A sheriff’s deputy in San Antonio was charged with felony assault Sunday after being accused of repeatedly sexually assaulting a 4-year-old girl for at least several months, the authorities said, and threatening her mother with deportation if she reported him.

On Saturday night, the girl’s mother decided to take her daughter to a local fire station to report the deputy, Jose S. Nunez, after the girl “made an outcry” about the abuse, officials said at a news conference on Sunday. Nunez, 47, was arrested around 3:30 a.m. Sunday and charged with super aggravated sexual assault of a child, a first-degree felony because of the girl’s age, said Javier Salazar, the Bexar County sheriff.

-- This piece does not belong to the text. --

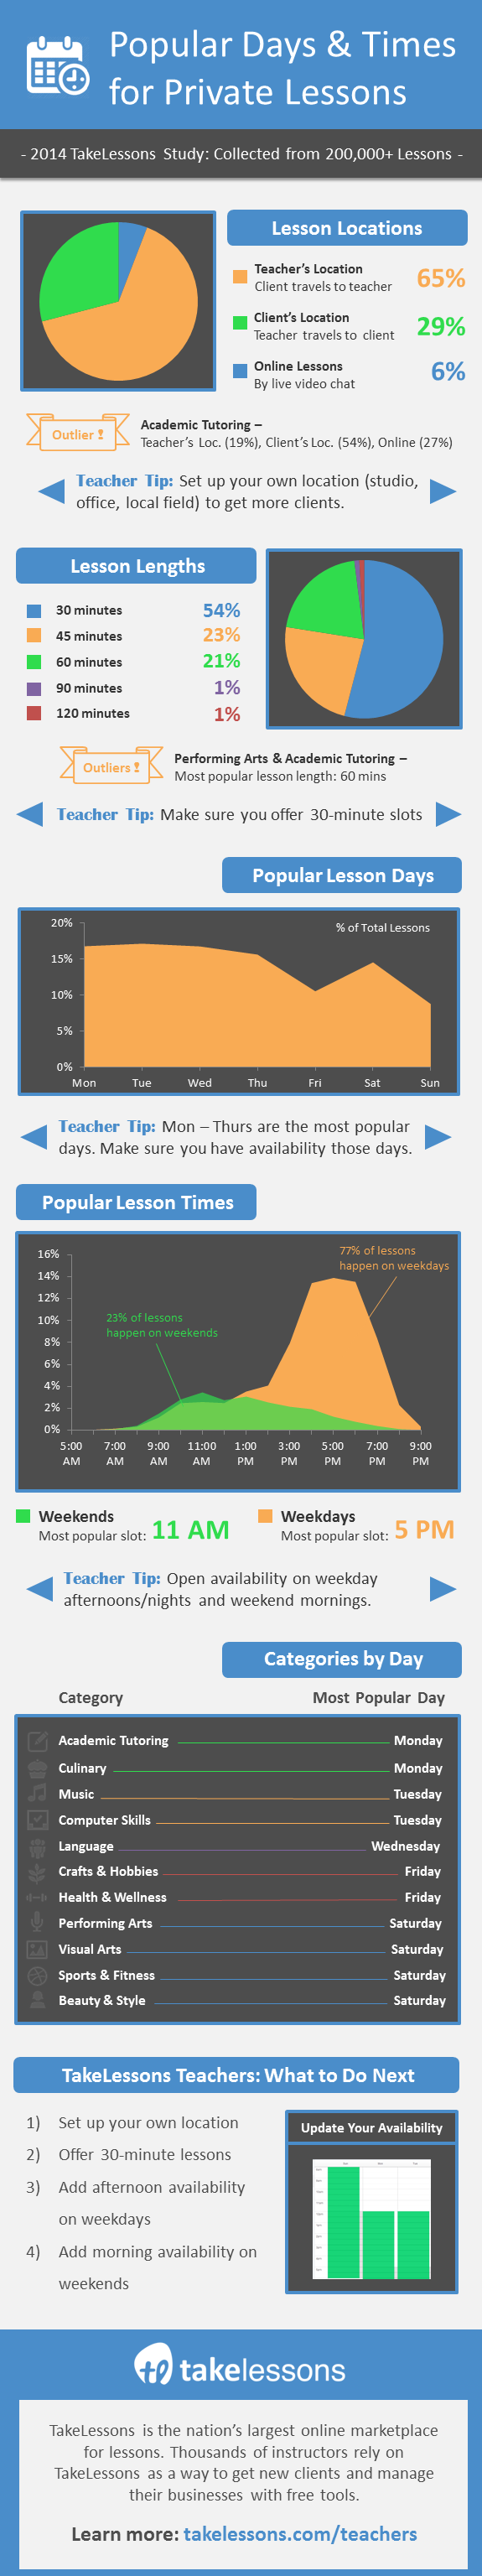 takelessons_image_popular-days-and-times-for-private-lessons1.png

“The details of the case are quite frankly heartbreaking, disturbing, disgusting and infuriating, all at the same time,” Salazar said at the news conference.

Nunez was suspected of touching the girl inappropriately on numerous occasions at her home in recent months, Salazar said, but he added that investigators were looking into whether the alleged abuse could have lasted several years. It caused the girl physical pain, including “some indication of minor injury,” the sheriff said.

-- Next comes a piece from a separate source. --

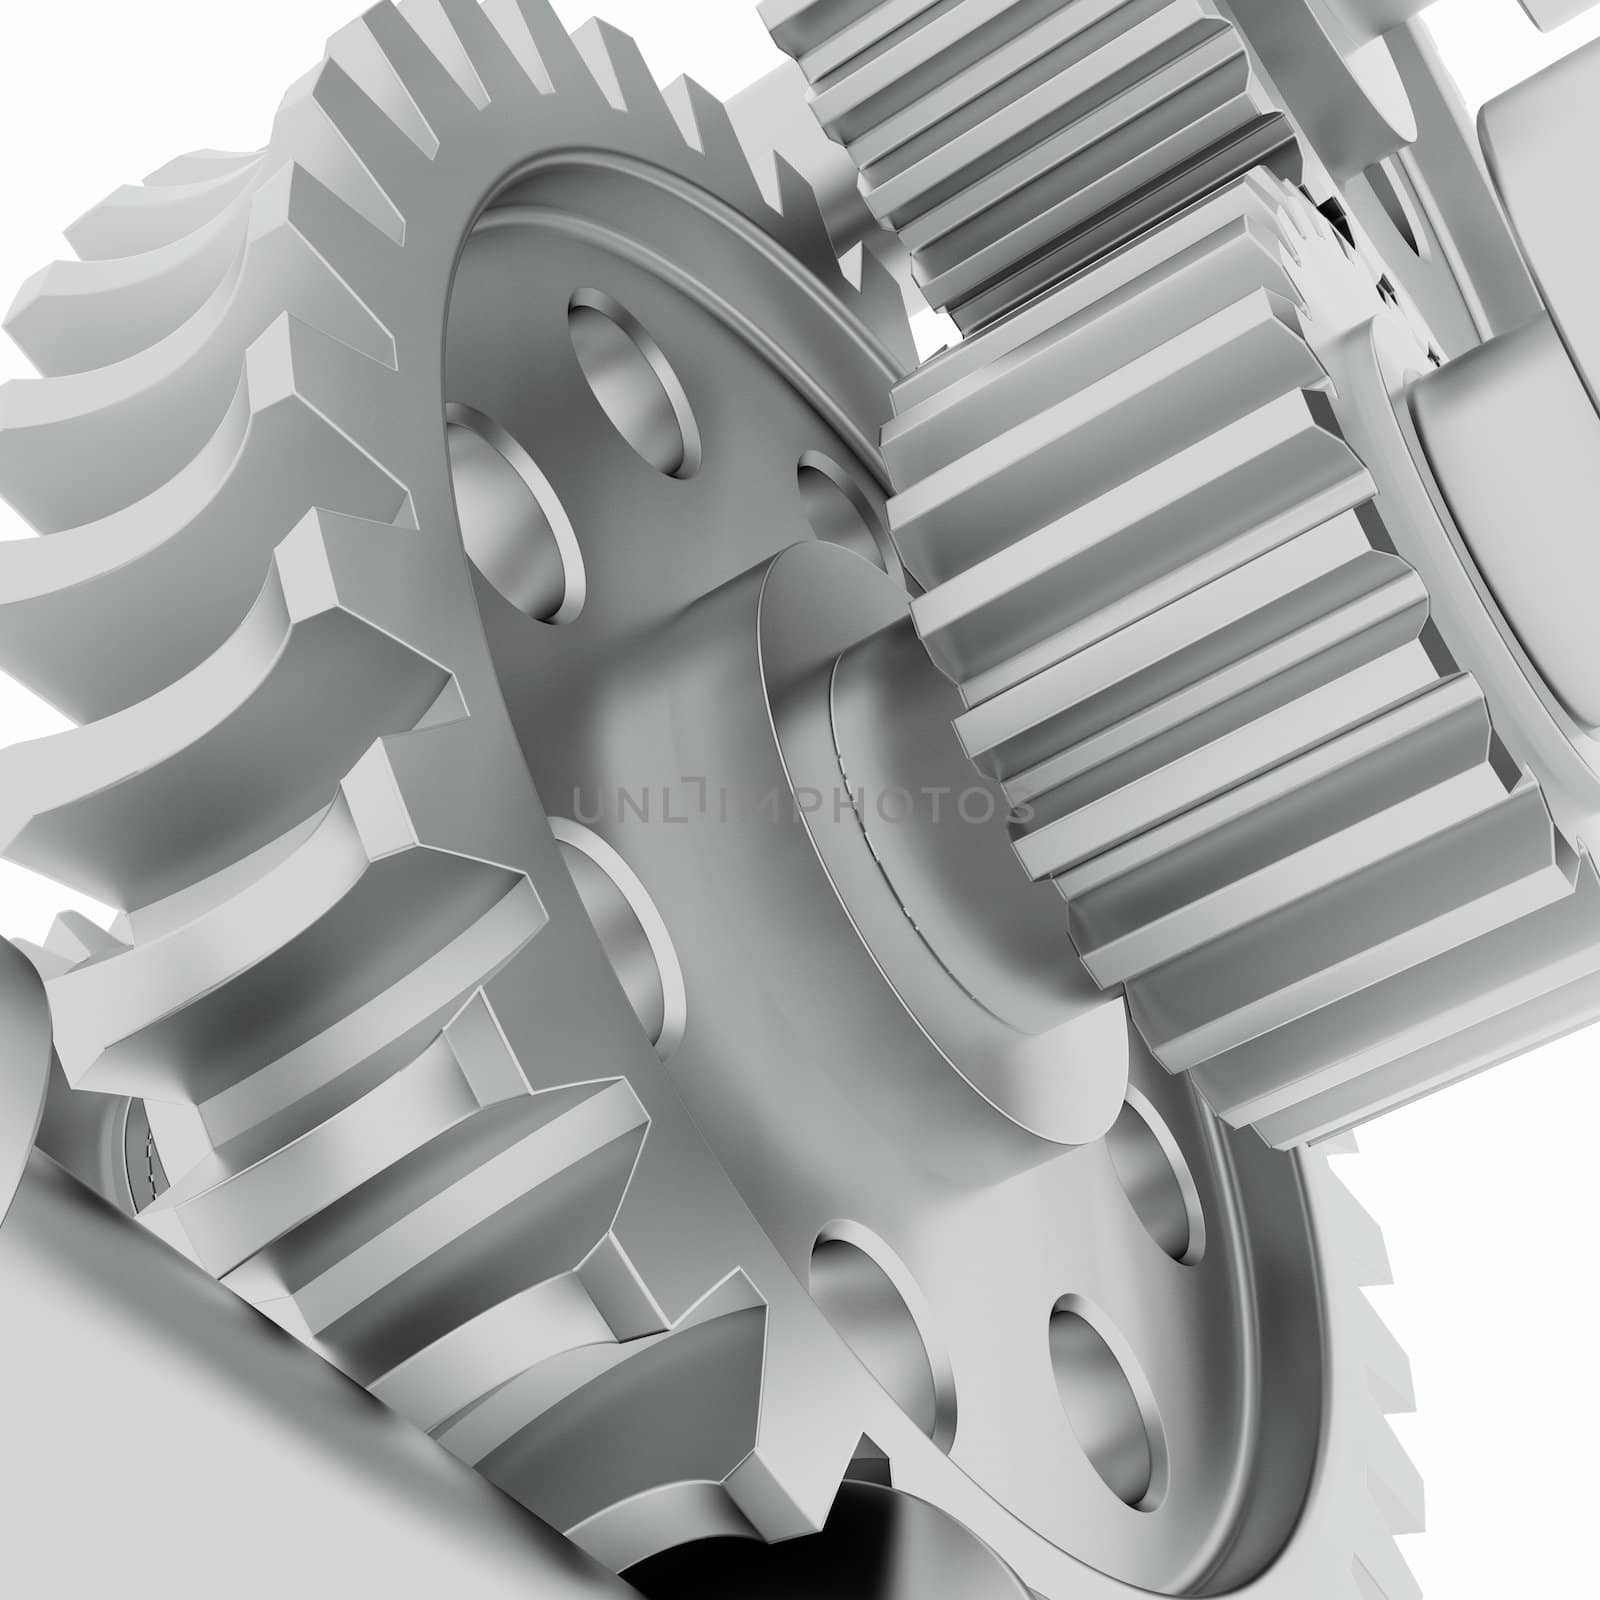 Metal shafts, gears and bearings. 3d render on white background

Salazar said that Nunez and the girl were related, but it was not immediately clear how.

Authorities believe that Nunez used his position in law enforcement to maintain the alleged abuse. The girl’s mother entered the United States without authorization from Guatemala, Salazar said, information that Nunez used to “place the mother in fear that she would be deported” if she spoke out, Salazar said.

“We believe that there was some hesitation on the part of the witness to report the conduct because of the fact that she’s undocumented in the country,” he said, adding that he did not know yet whether the girl was also unauthorized to be in the country.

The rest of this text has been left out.